I also added some new props to the level. But enough talk is enough, let's take a look at this in live action:
Milestone 6 (08.12)
- Add time slowing mechanic
- Make the player able to lose/win
- Improve the level so playing is more challenging
Actual work done
- I decided not to add a time slowing mechanic after all since the game was plenty of fun without it.
- I decided not to implement the whole keycard thing with cameras like in MS4, since it wouldn't add too much to the experience. The player will now win the game if they kill all the enemies and lose if they get shot. There's a counter for enemies left to let players track their progress. There's also a button to toggle invincibility to just explore around the level.

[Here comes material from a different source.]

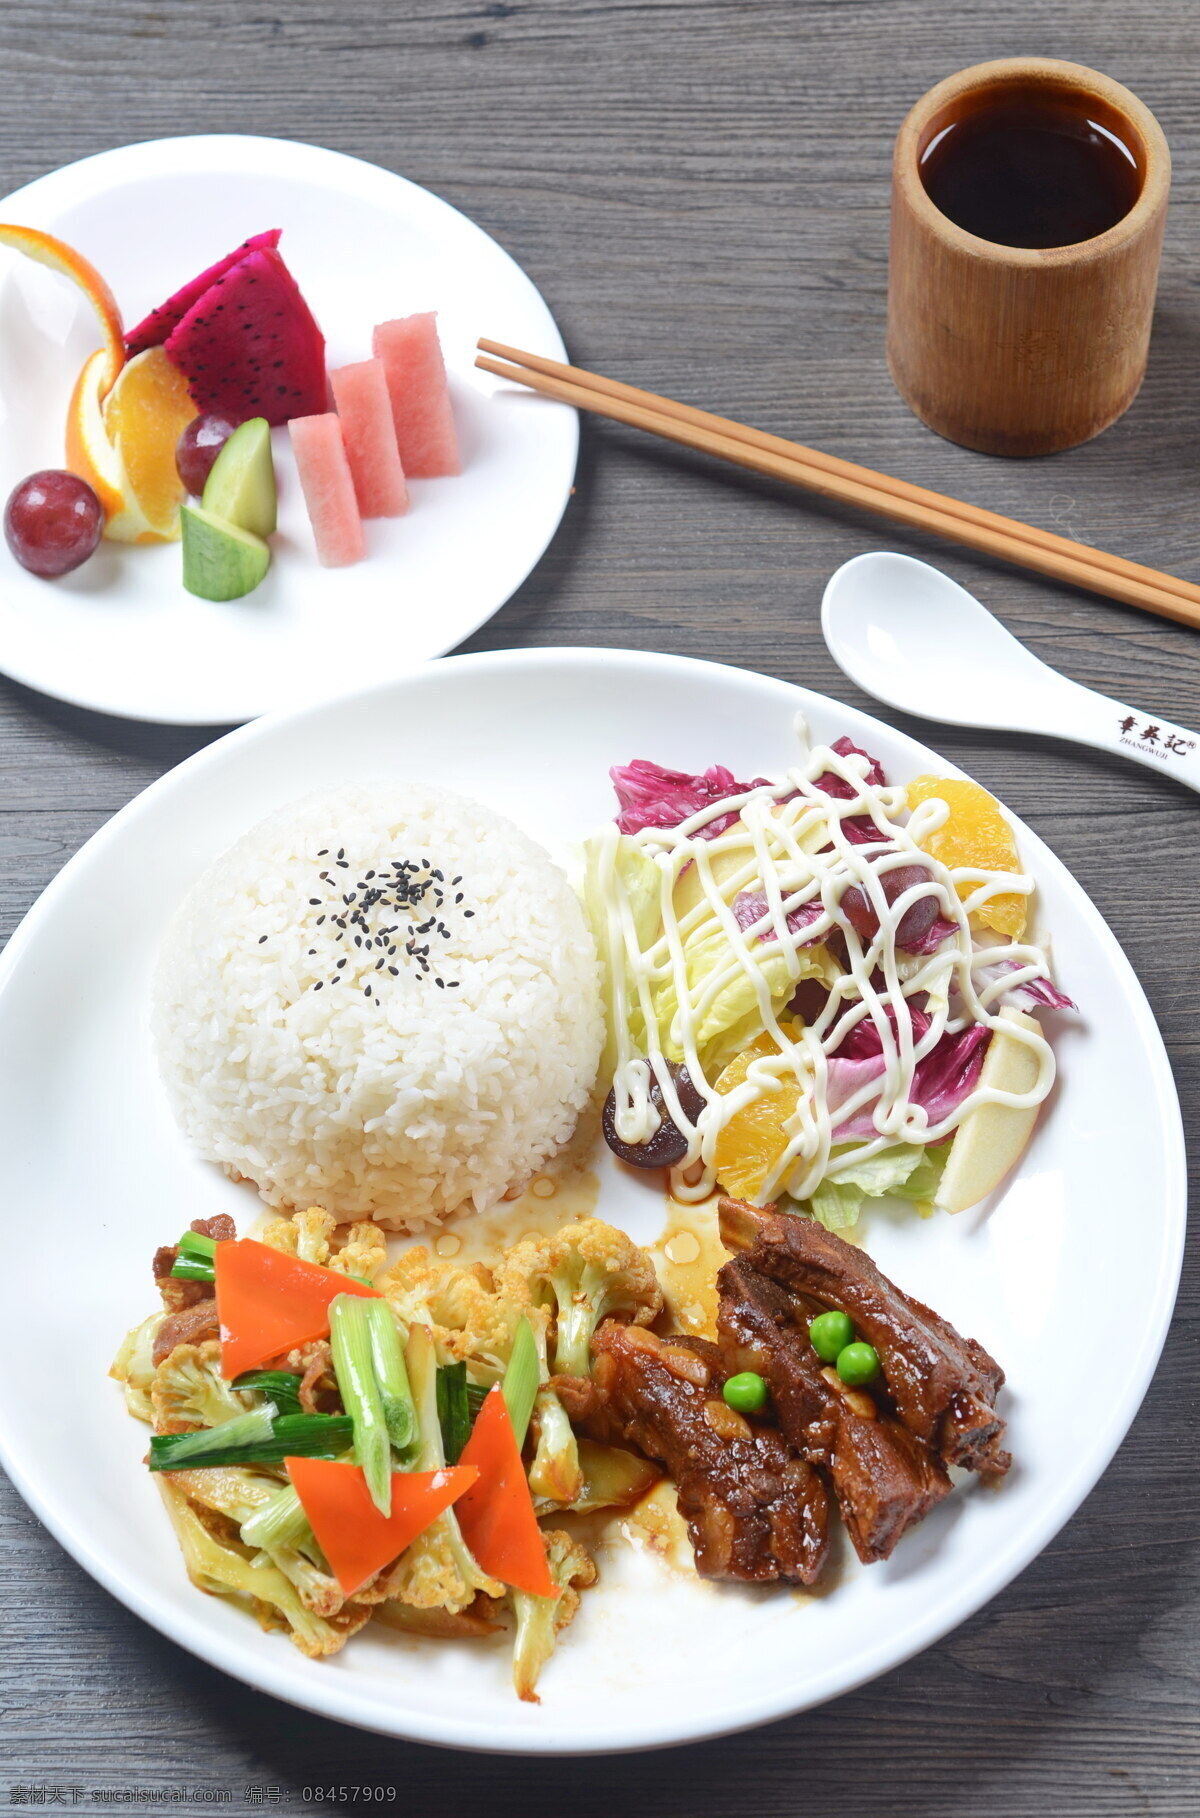 营养套餐饭 米饭套餐 营养美味 荤素搭配 水果 摄影图 高清 餐饮美食 传统美食

- I added a few new rooms to the level with more enemies.
- I implemented 3 new weapons - a unsilenced and silenced UZI and a shotgun, which are all loads of fun to use.
- Since writing the milestone 6 goals back in September, I've played a lot of VR games and learned some dos and don'ts that I didn't implement earlier. As such, I changed the way teleportation and rotation works. Before, it was coupled into 1 action - hold teleport button, turn joystick to choose the desired rotation. This was not very intuitive to use and was cumbersome. As such, it is now decoupled into 2 actions - a button can be held to teleport to a specific place and the joystick can be used at any time to turn by 45 degrees.
- Additionally, the player will now be actually teleported to the chosen point. Before, the room center was set to the teleportation point but if the player was on the edge of the room, it caused confusion. Similarly, when rotating, the player is rotated around their own up axis, not the center of the room up axis.
- Enemy AI is now smarter - if a bullet flies past them at a reasonable distance, they'll notice it and start looking for the player.
- Added a sound that plays when the player is detected by an enemy.